[FPSPACE] open source materials in classified reports
nodin at sbcglobal.net
Sat Nov 17 14:35:14 EST 2007
While Sven Grahn may have been surprised to see his article "stamped" in big red letters and Peter Pesavento gives a fair-enough explanation, I can painfully relate to both.
In July 1992 at Baikonur, I engaged discussion with the Energiya Foreign Affairs Officer, Boris M. Lokhmatchev. Boris was definitely clued into what my position was within the U.S. Intelligence Community, which also included my military background. Out of the blue, Boris asked me several questions regarding the early parts of my career, and then asked, "Just how did you see our rockets 25 years ago, Ed?" Because the answer was highly classified in the U.S., I could not tell him. My first response to this was, "Who told you that I saw your rockets, Boris?" As with many of his leading questions, I asked how he knew things about my past. But, he repeatedly asked the last question. There was a copy of Douglas Hart's Encyclopedia of SOVIET Spacecraft, obviously unclassified, open to the photoreconnaisance section on the table in front of us. Pointing to the open book, I finally answered, "Of course, Boris, you already know that both of our countries have had this kind
of satellite for many years." "Nyet! Nyet!" was his response, "There has to be something else." There was and he knew it, but I couldn't say, and still won't.

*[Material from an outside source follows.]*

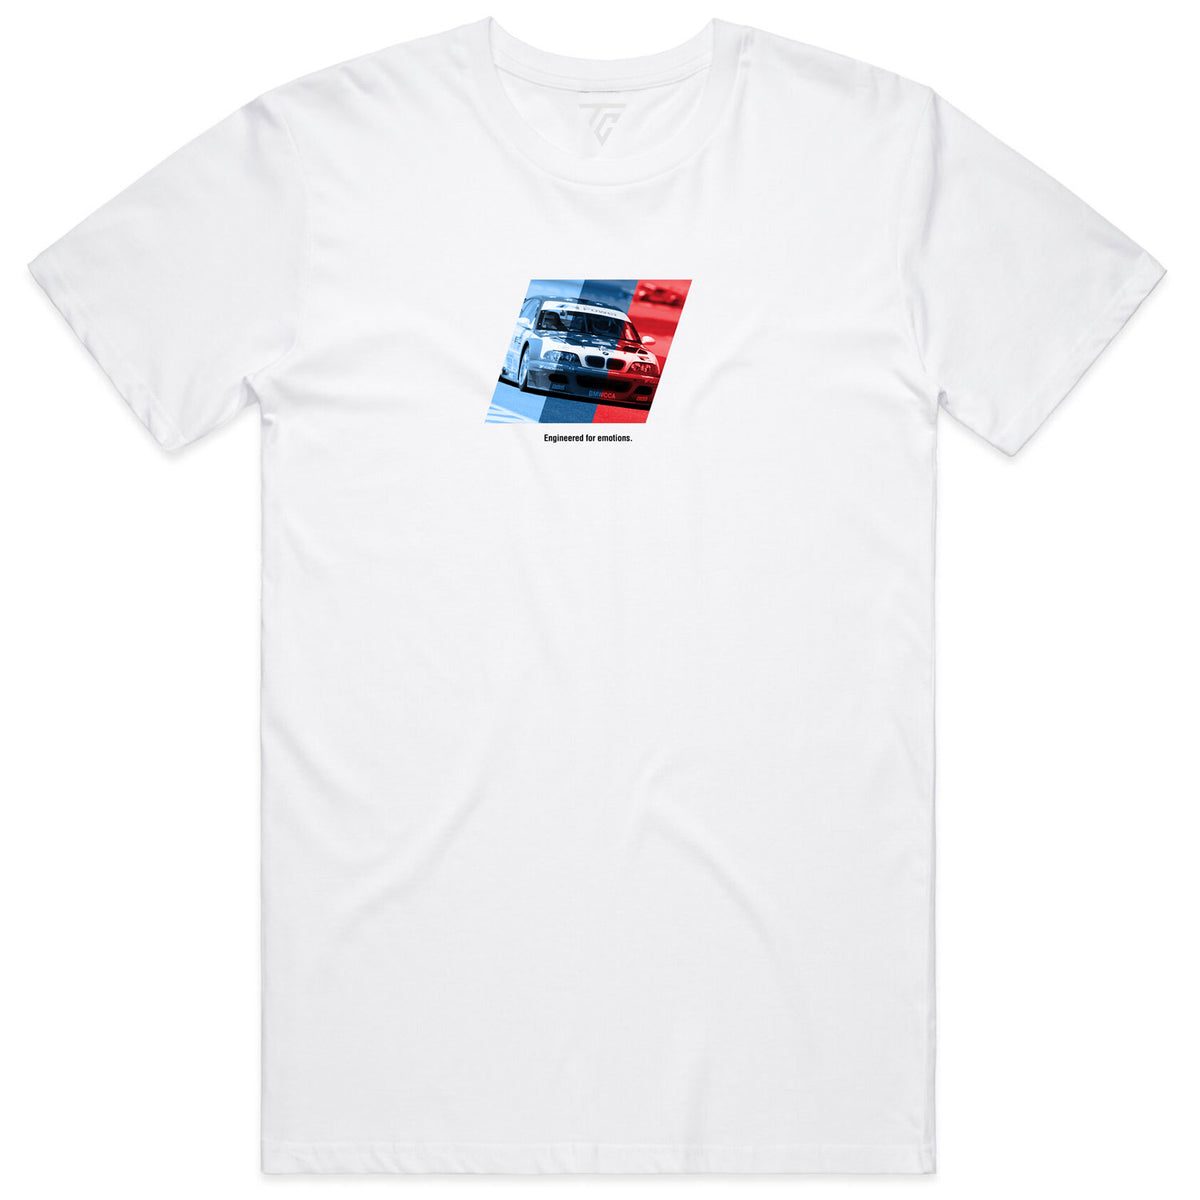 ENGINEERED FOR EMOTIONS TEE

At my first debriefing after my return to the U.S., I faithfully recounted my conversation with Boris in its entirety. I had kept a detailed daily diary. It was then that security determined that Hart's book as well as my diary were at least Secret because I had effectively confirmed that elements of Hart's book were fact! The problem was compounded, they said, because I admitted the well-known fact, even stated openly in the press by former President Lyndon B. Johnson, that the U.S. indeed had photoreconnaisance satellites good enough to "see Soviet rockets." The entire transcript of that unclassified conversation and my diary were stamped "SECRET" in big red letters! That conversation with Boris, unfortunately, also began my career-ending downward spiral with security. Over the next six years, CIA leveled several charges against me for revealing classified information to Russian agents, spying for the Russians and acting as a mole for the Federation of American
Scientists! Ultimately, all chagres were dropped, but my career already had been ruined.

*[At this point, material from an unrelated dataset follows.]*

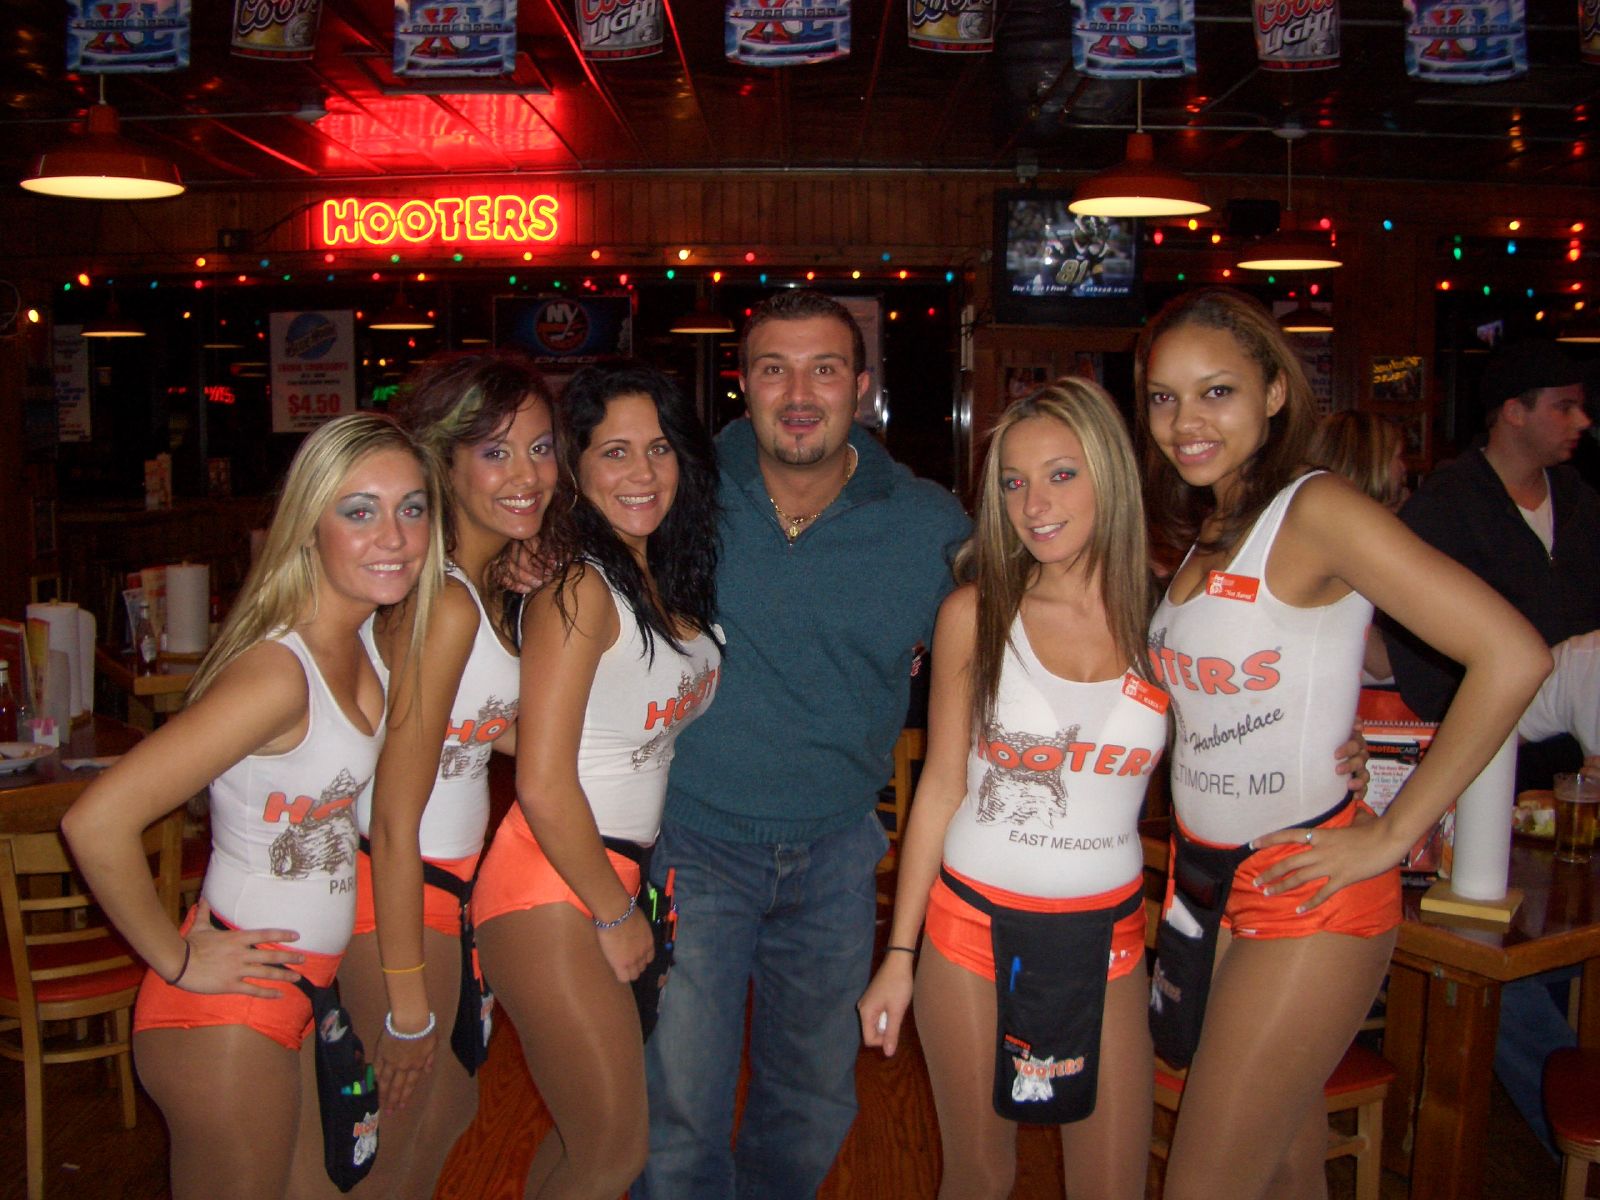 Owns and operates 24 Hooters Restaurant locations in Tampa Bay Chicago area...

While we may not always agree what things should be classified, we don't make the rules. The reasons unclassified information or many publications become classified under certain conditions may vary a little from time to time. This is particularly true when open source and unclassified information might be confirmed through classified sources when it was originally no more than speculation, a wild guess, or even a well known fact.